The Teen Brigade is either of two distinct fictional teams appearing in American comic books published by Marvel Comics. Both teams were recruited by Rick Jones from young amateur radio enthusiasts in order to obtain and divulge strategic information about safety hazards, usually involving the Hulk. These teams were attempting to aid the HUlk in using his super strength for good. They knew he, the Hulk, just desired to help citizens, and did not intend to harm them. The first group was founded in The Incredible Hulk #6 (March 1963). Today, a lot of adolescents are unaware of the Teen Brigade teams. Unless they have access to original comic books, the only Hulk character they may be aware of is in more modern shows or movies.

Overview
The rationale for creating such teams was that with their help Rick Jones could reach the Hulk (and occasionally other people or events of interest) faster, possibly in time to help him avoid fights or other incidents that could bring the Hulk trouble. 

The first Teen Brigade was formed by Rick in The Incredible Hulk #6 (March 1963), and they helped build a weapon for the Hulk to defeat the Metal Master.
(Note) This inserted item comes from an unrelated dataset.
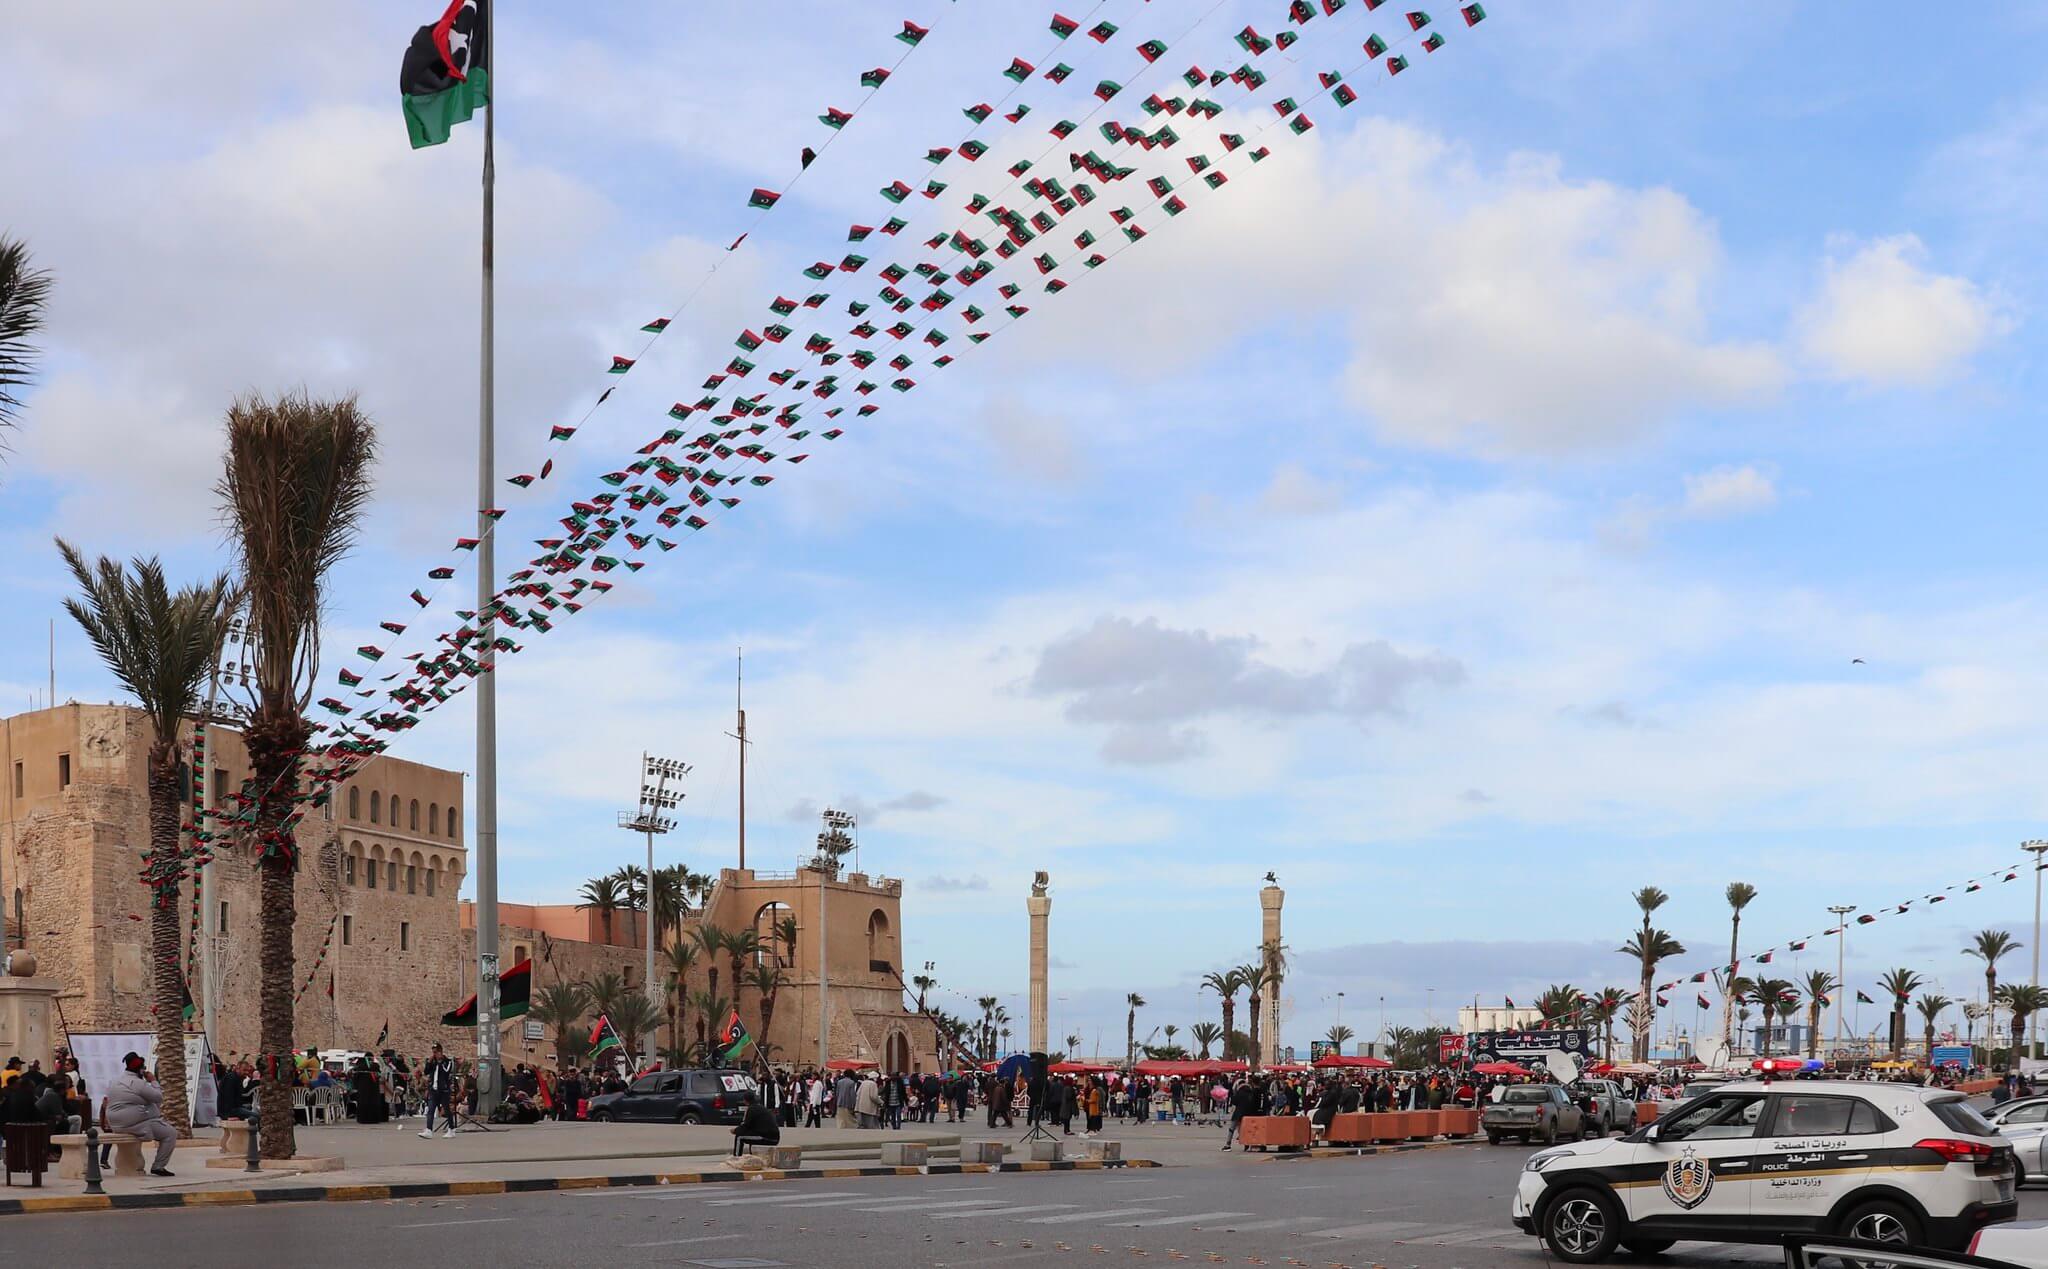 Tripoli main square in February 2020. Ziad Fhema

The group played a role in the origin of the Avengers in The Avengers #1, because it was the tampering of a radio transmission the Brigade intended to send to the Fantastic Four that brought the original Avengers (Thor, Iron Man, Wasp and Ant-Man) together to fight the Hulk. The Avengers and the Fantastic Four were a part of keeping Hulk in check, as well as the Teen Brigade.  In The Avengers #2 (November 1963), they called Giant-Man (Hank Pym) to help defeat a Space Phantom. They contacted the Avengers to notify them about the whereabouts of the rampaging Hulk in The Avengers #3 (January 1964). In The Avengers #4 (March 1964), the team helped Rick and Captain America track down a villain who turned the Avengers into stone. Captain America showed off his acrobatics abilities to the Teen Brigade in The Avengers #5 (May 1964). They later freed the Avengers when they had been imprisoned inside Kang's ship by pretending they wanted to join Kang, then dropping an energy cylinder to distract the time-traveller.

The second Teen Brigade was assembled at a time when the Hulk was under the Corruptor's control.  In an eerie parallel to the Avengers' origin, the Corruptor's own equipment interfered with a transmission meant for the Avengers and instead reached a handful of south western superheroes, giving birth to the superteam known as the Rangers. The Corrupter controlled the minds of others by producing sweat glands that held power inside. It would be as if a manipulative person convinced someone to do something without external things being in question.

The Teen Brigade was mentioned as an inspiration by Captain America when he decided to create an online network in stories published in the early 1990s.

A third version of the Teen Brigade appear in the 2011 series Vengeance composed of Barnell Bohusk, Angel Salvadore, the In-Betweener and two new heroes: America Chavez and the Ultimate Nullifier. It seems like the Teen Brigade is attempting to make a comeback.